Moscow is happy to let the Kosovo problem fester, if only because the Russians think that most Western governments have made a fool of themselves by accepting Kosovo independence and like watching the issue twist in the breeze. And with events in Greece moving in a more confusing direction as the Eurozone screams in pain, the blandishments of ‘Orthodox solidarity’ across the region as defined by Mother Russia will smoothly re-emerge.
This result poses a problem for the Kosovo leadership. To press ever harder to assert control over the remaining Serb-dominated areas of Kosovo in the north, perhaps provoking an open confrontation with Belgrade now led by someone who may have less of a problem behaving aggressively to defend Serbia’s position?
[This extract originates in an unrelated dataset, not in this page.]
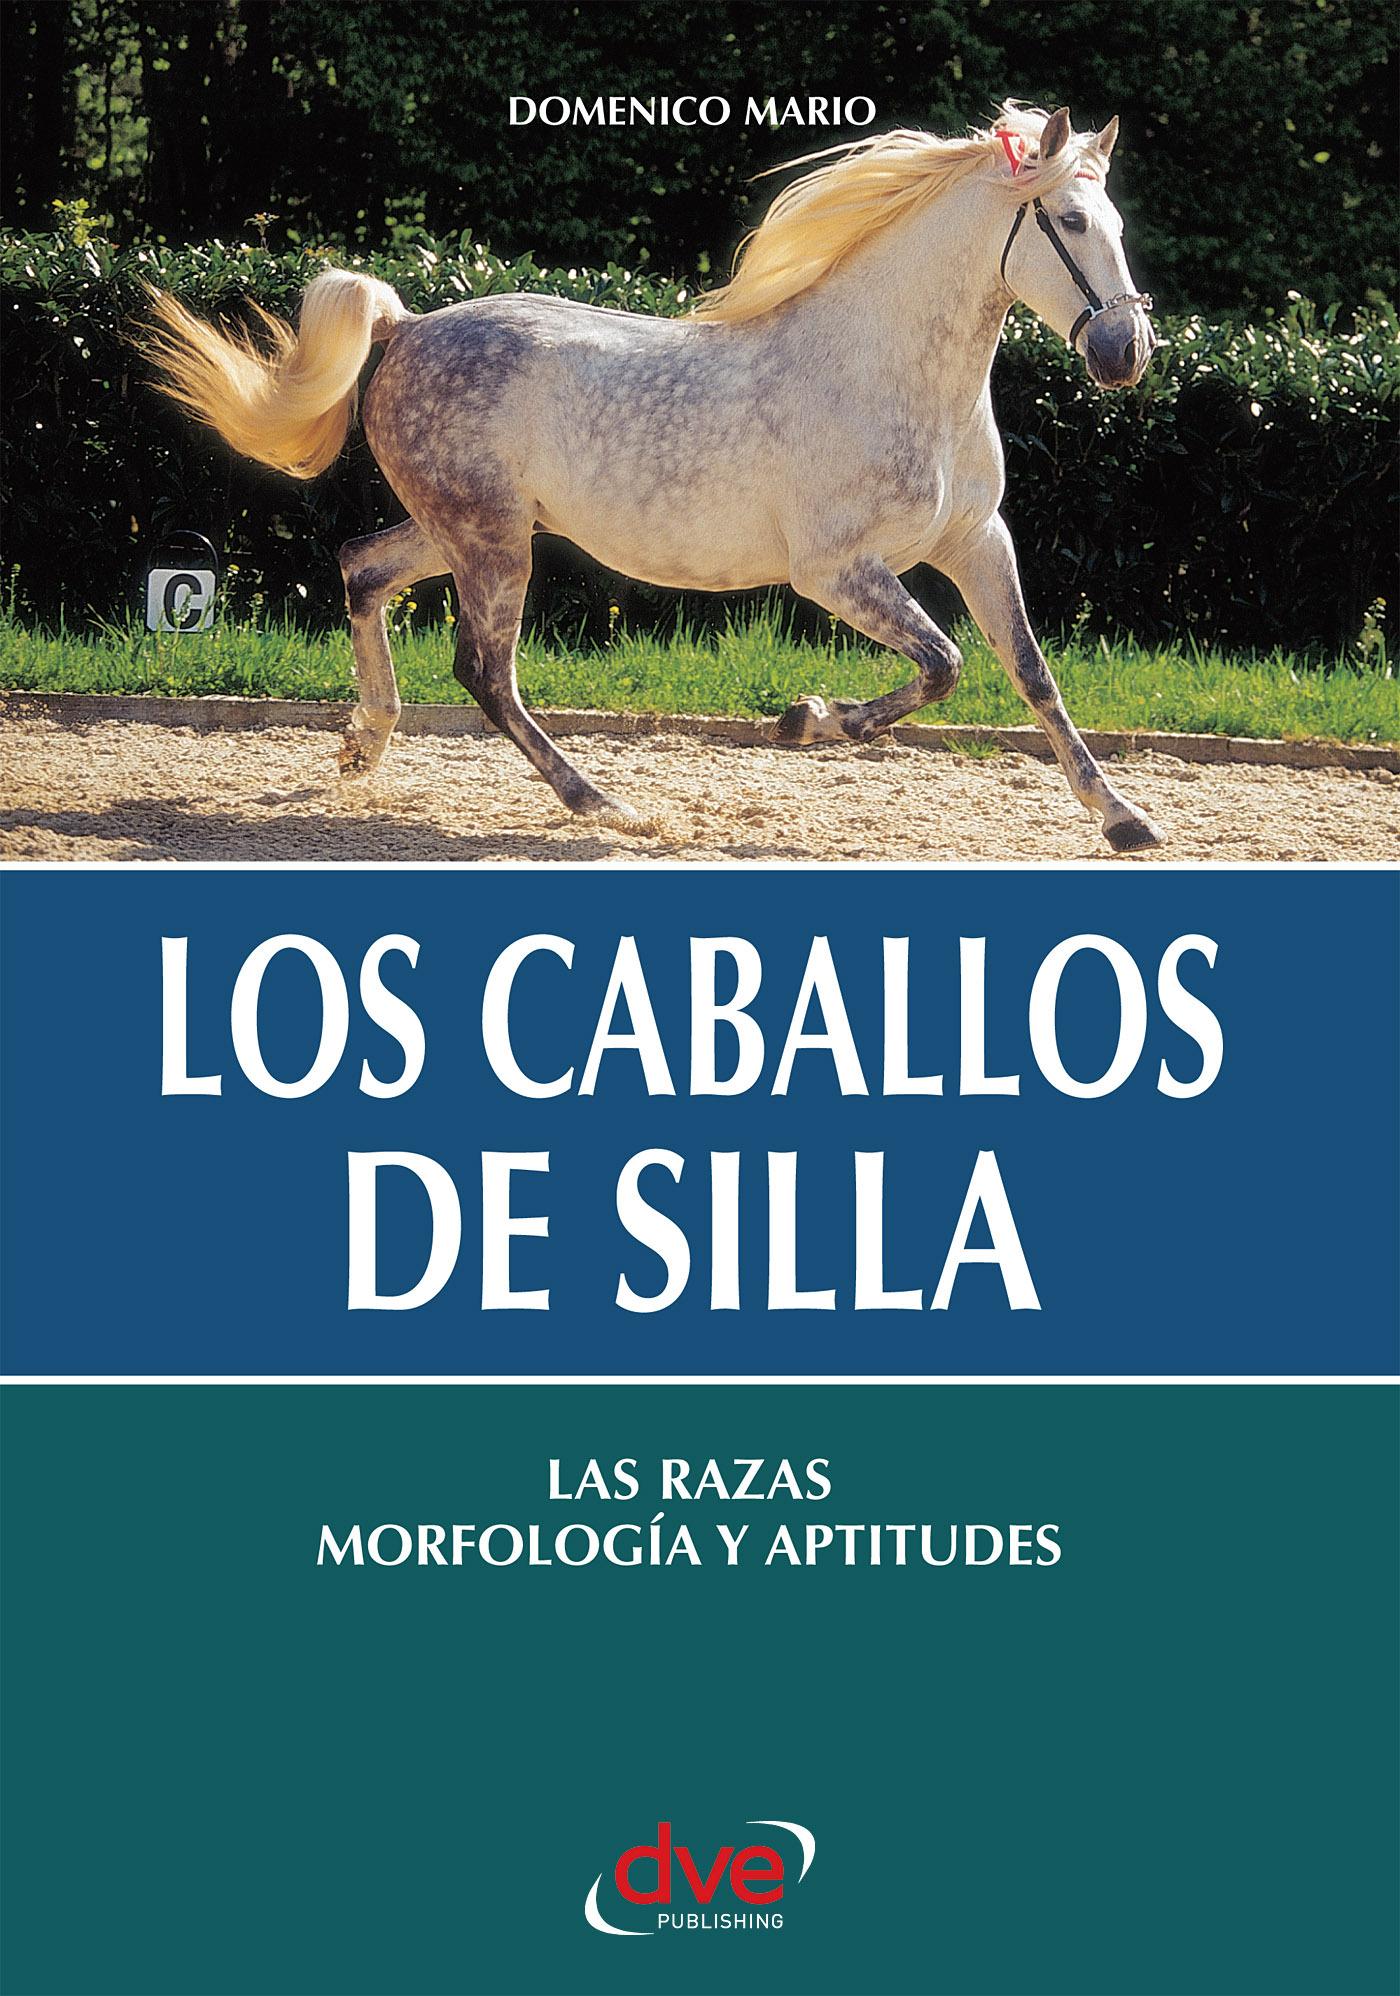 Mario, Domenico - Los caballos de silla. Las razas morfología y aptitudes, ebook

Or start to think about cutting a dirty deal on partition?
All in all, is Nikolic’s election more a clear change of emphasis and style in a conservative old-style socialist direction rather than a dramatic lurch in an explicitly nationalist neo-Milosevicist direction? Maybe. There is likely to be some sort of ‘co-habitation’ with Tadic’s party in Parliament anyway. Serbia’s political elite is small – the jobs move to and fro between a fairly tiny number of people whatever the demoralised voters want, one reason why the turn-out was so low this time.
However, it is hard to see even Bill Montgomery persuading Nikolic to take the steps needed to cut Serbia’s constipated post-Yugo-socialist state processes and boost the economy. And those Serbs in Serbia and Republika Srpska who argue that the current arrangement of countries in the region is unstable and unworkable will feel empowered. I can’t see Serbia being much better off in four years’ time as old-style thinking and old-style people swagger back into prominence, even if they are wearing smarter European trousers to impress us all.
The EU in Brussels will now have to take a deep breath and decide how best to play its hand. Hang tough on Belgrade while the Kosovo issue drags on? Or call Nikolic’s bluff and accelerate moves to integrate Serbia towards EU processes as the best chance of keeping things under control?
Or heave a sigh and decide not to spend much time on the whole sorry stagnant region while the whole EU project is in such a sorry state? Much to Moscow’s cynical amusement.